Here's a simple analogy. It's raining hard and you're thirsty. Do you put out one bucket, or as many as you can?

Obviously, more buckets catch more rain.

Your Amazon store works the same way. The "rain" is customer demand. The "buckets" are your product listings. Every time someone shops on Amazon, there's a chance they land on one of your listings — but only if you have listings in the categories they're browsing.

When people start their Amazon store and only focus on one product or one category, they massively limit their exposure. The whole point of dropshipping is that you have zero upfront inventory risk. You can list as many products as you want and only buy inventory when someone places an order. There's no reason to be narrow.

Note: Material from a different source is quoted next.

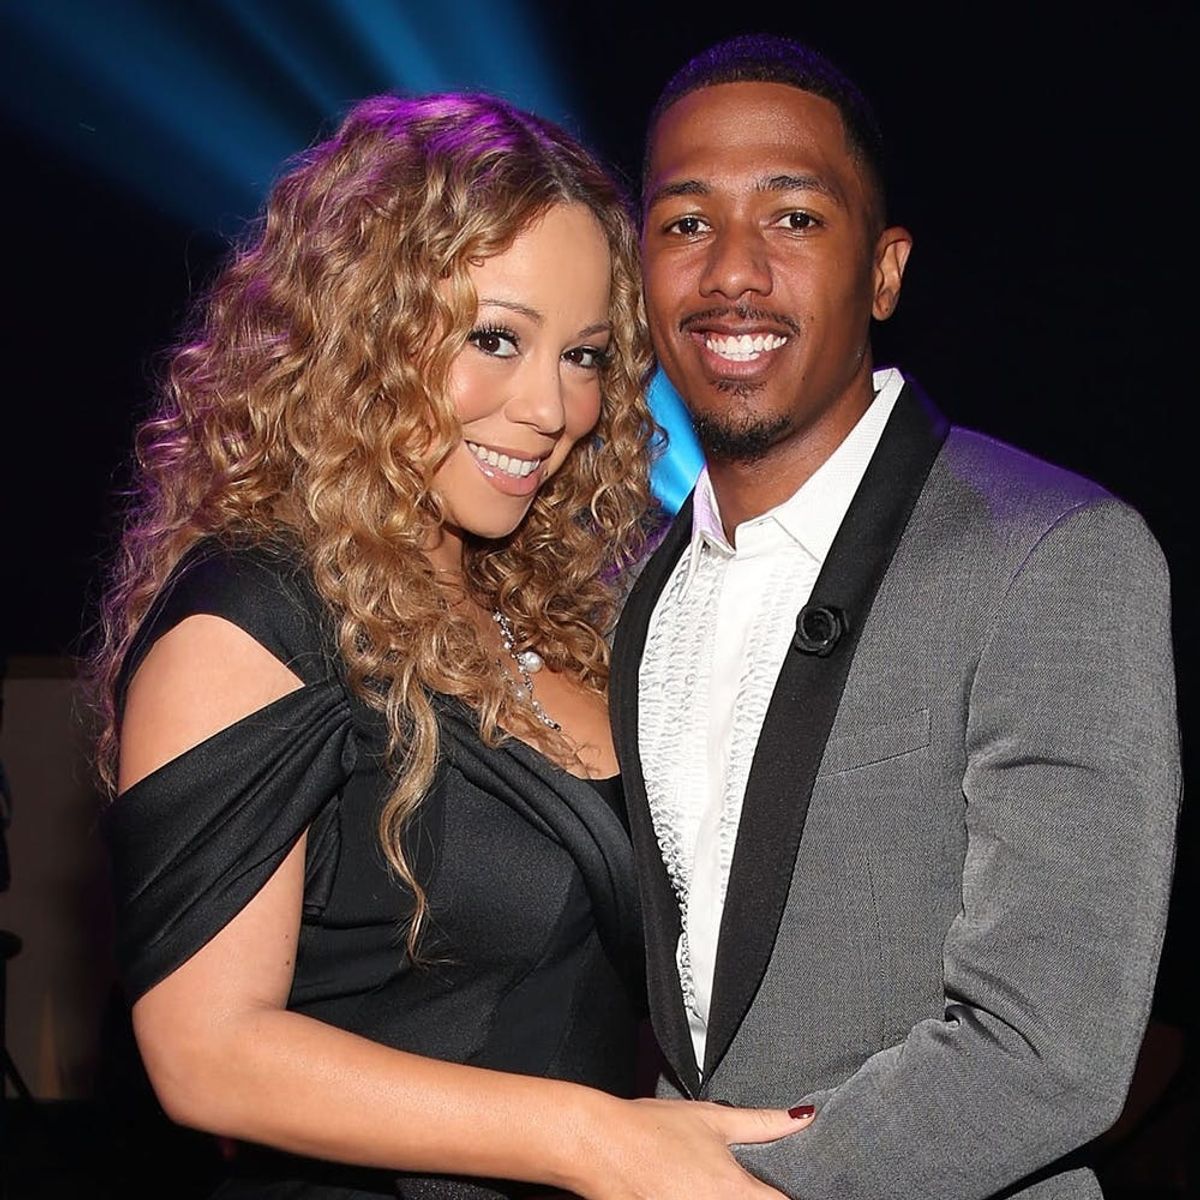 Nick Cannon Just Spilled the Tea on Mariah Carey’s Biggest Diva Moment

Here's how I recommend building out your store:

  • Start with 3–5 major evergreen categories — things like Tools and Home Improvement, Home and Kitchen, Sports and Outdoors, Office Products, Patio and Garden
  • Focus on quantity first — the goal early on is to get as many products listed as possible across those categories
  • Then narrow down based on data — after 30–60 days, look at what's actually selling and double down on those categories
  • This is the inverted triangle approach. Wide at the top (quantity), narrowing down over time to what the data tells you actually works. Eventually, maybe you find out Home and Kitchen is your sweet spot. Great — now you go deep there with a focused supplier strategy.

    The fix: General store first. Data-driven focus second. Never limit yourself to one product niche from day one.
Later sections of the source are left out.